The authoress as a child is bright, clever and sensitive, the eldest
daughter of four, and her parent''s favourite. She appears at first
idealized and mythicized, probably in line with the Oedipus complex
typical at her age.

When Sibilla is twelve years old, the father decides to move from
Milan to a small town in the South, where he has been encharged with
the direction of a chemical plant. Her beloved studies are interrupted;
Sibilla works as an employee in her father''s factory. She likes being
independent and as free as possible. Her sense of moral isolation grows
with regard to her family and above all with regard to the inhabitants
of the country with hypocritical, shabby, ignorant mentalities.
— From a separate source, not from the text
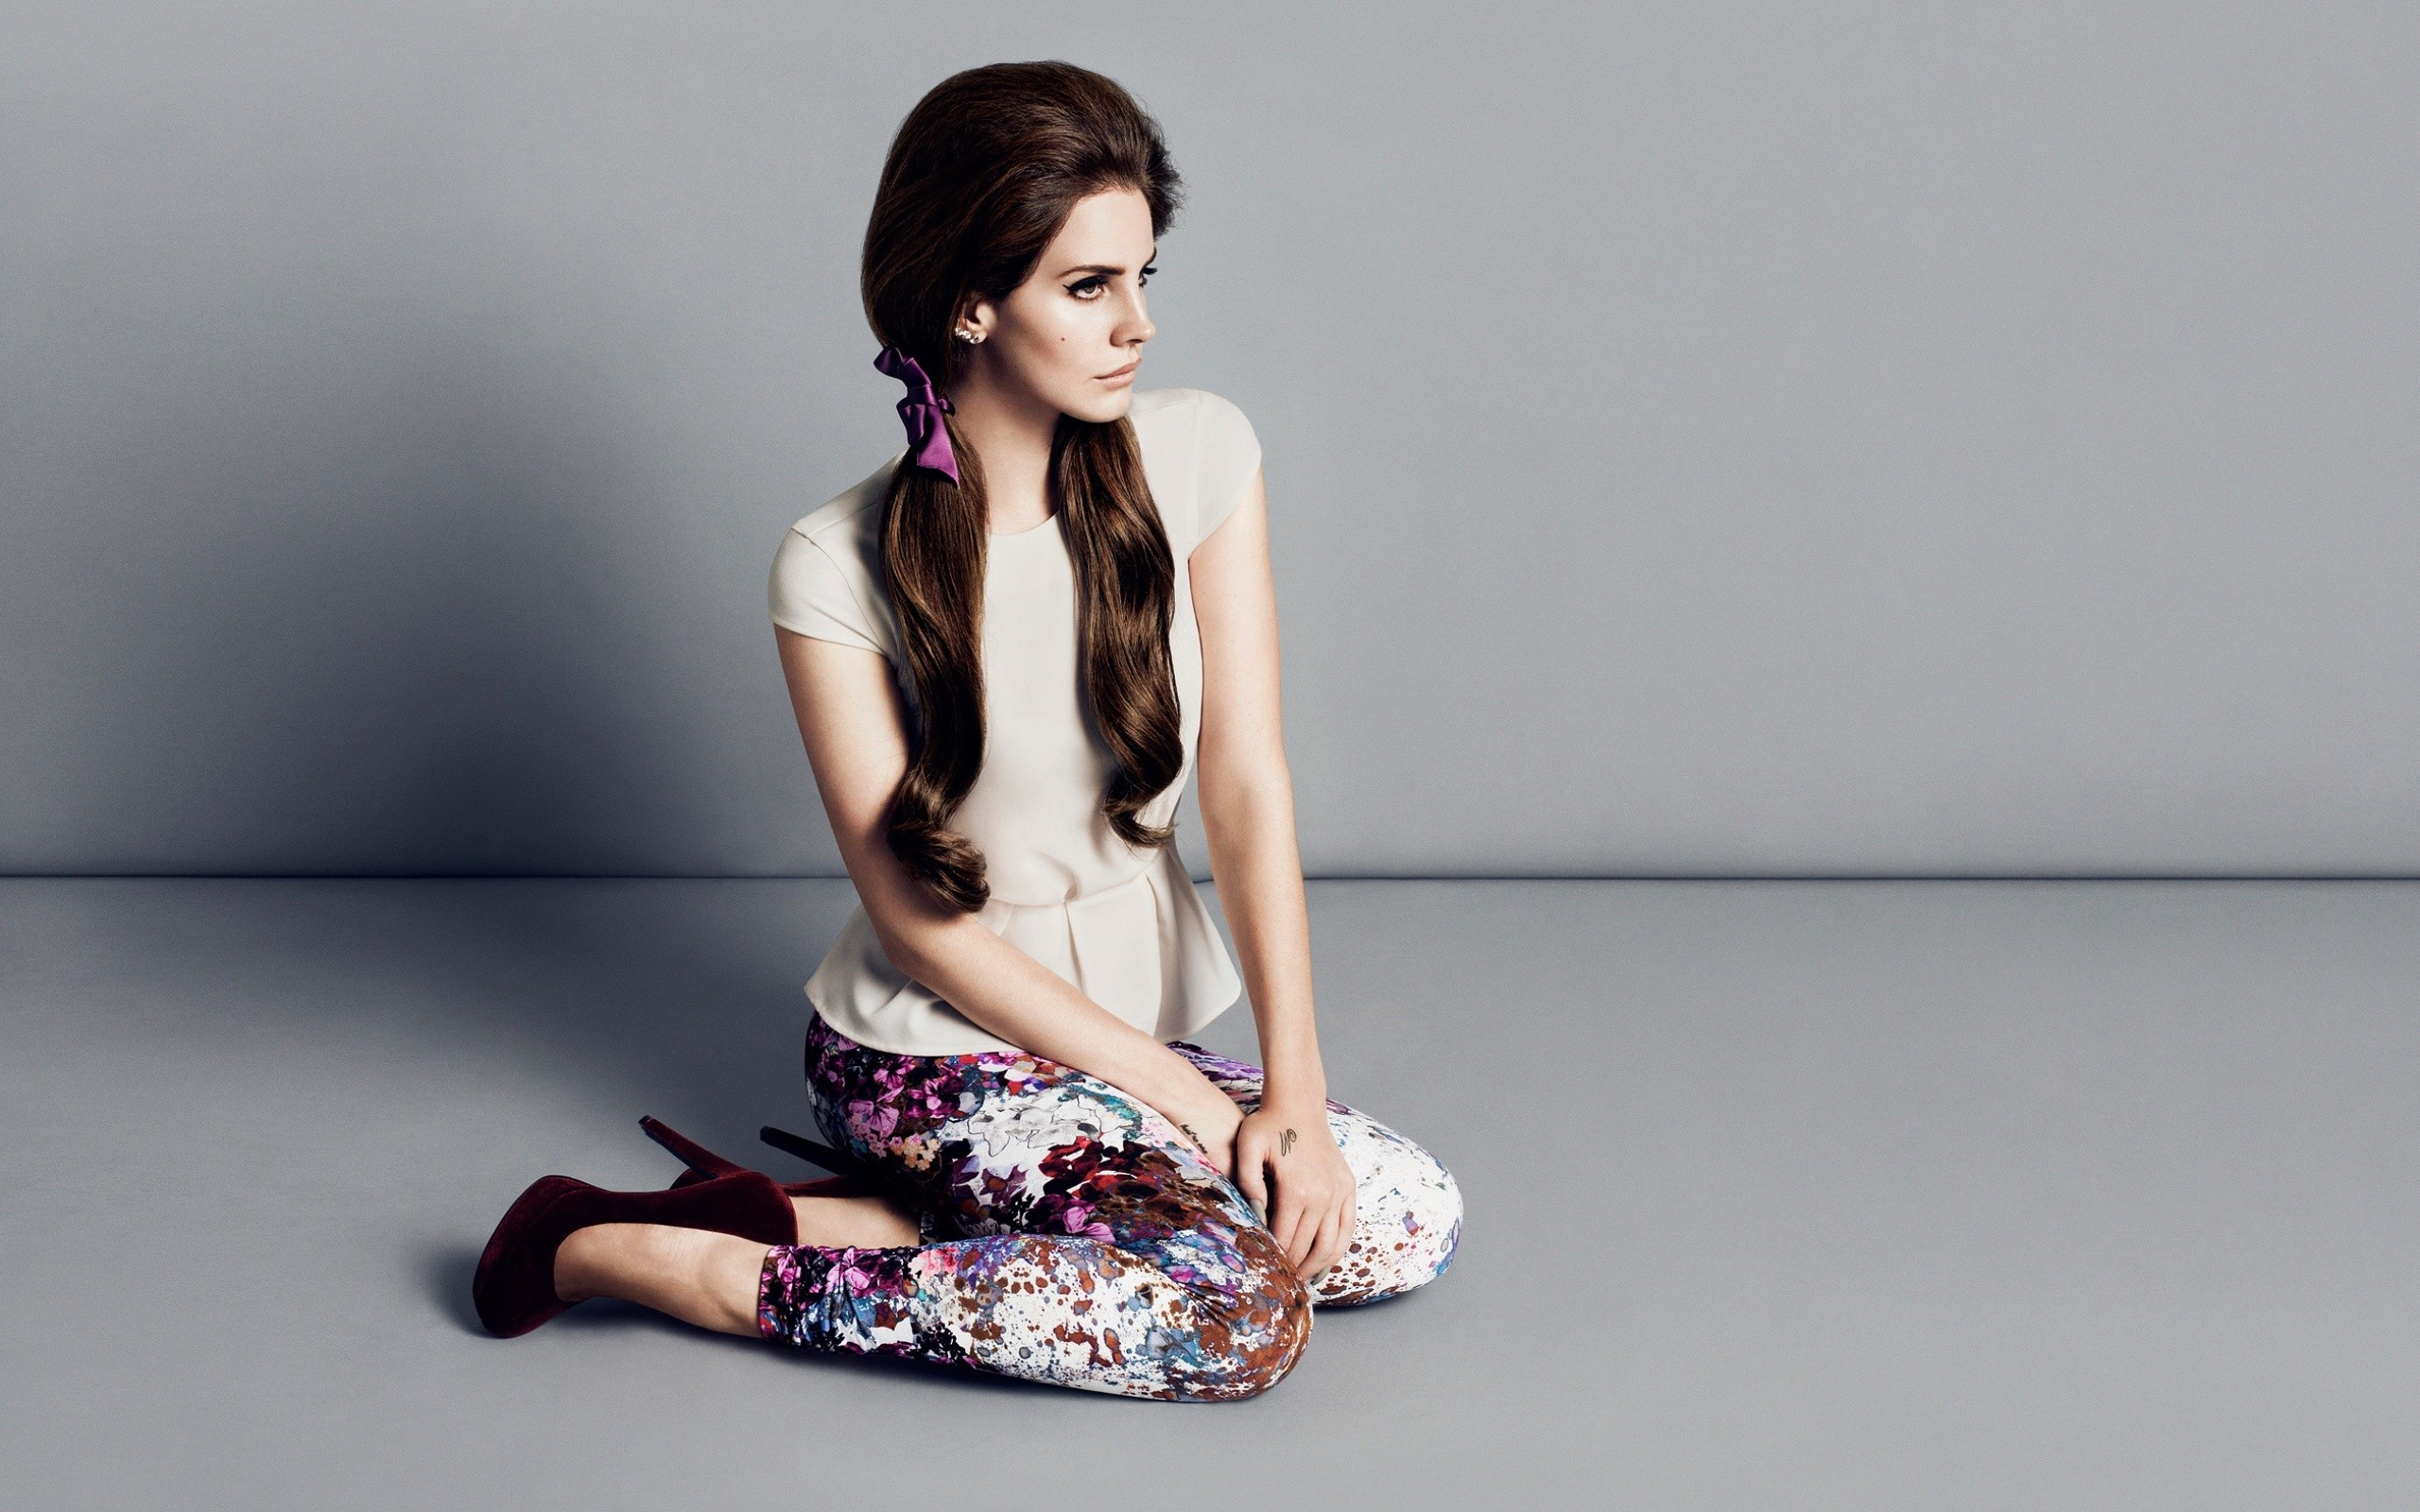 Lana Del Rey for mobile

The
young woman perceives an ever increasing lack of harmony and agreement
between her parents; the mother slips inexorably into depression ending
up trying to kill herself, the husband becomes unfaithful. Their
relationship becomes ever colder, until her mother''s mental imbalance
becomes so serious that she has to be confined to a mental hospital. In
the meanwhile Sibilla develops; at fifteen she gets to know an employee
of her father who deceives and then rapes her. When a little over
sixteen she will marry him without saying a word to anyone of the rape
and the doors will be opened for her to a sort of prison, in which she
will spend ten years of her life. She becomes a mother at seventeen,
chained - for the sake of her love for her child - to a violent and
ignorant man. Collapsed for ever the strong father-figure she could
always look to - the father continues being unfaithful to his wife and
is despotic and tyrannical with the workers. Sibilla looks in vain for
level ground and for fulfilment, for her impossible, in her only rôle,
that of wife and mother. She also attempts suicide.

The autobiography here becomes also a story of the development of
her mature adult character: little by little, with alternating phases
and not without pain, the protagonist comes, in the span of ten years,
to the definitive decision to leave the family - above all her adored
son - to follow her human and literary vocation and be, as far as
possible, a free and independent woman. The leaving of the conjugal
roof, has the legal consequence of losing the rights to her child and
thus the separation becomes as ever more tearing and dramatic, as
necessary.

The turns of events as told by Aleramo constitute a very remarkable
testimony on the condition of the woman in the only just unified Italy;
they reveal the vexations, the violence, the threats and the prejudices
to which women were subjected: granted no autonomy or independence,
expected to submit, they were forced into prearranged rôles from which
they could not escape or only with great difficulty. The text does not
however indulge in pity or pietism, but affirms and describes very
bravely the reality, searching for, where possible, solutions that
involve as much women - often responsible for their own submission and
the stagnation with which they try to live - as men, invited to open
their eyes and change their mentality.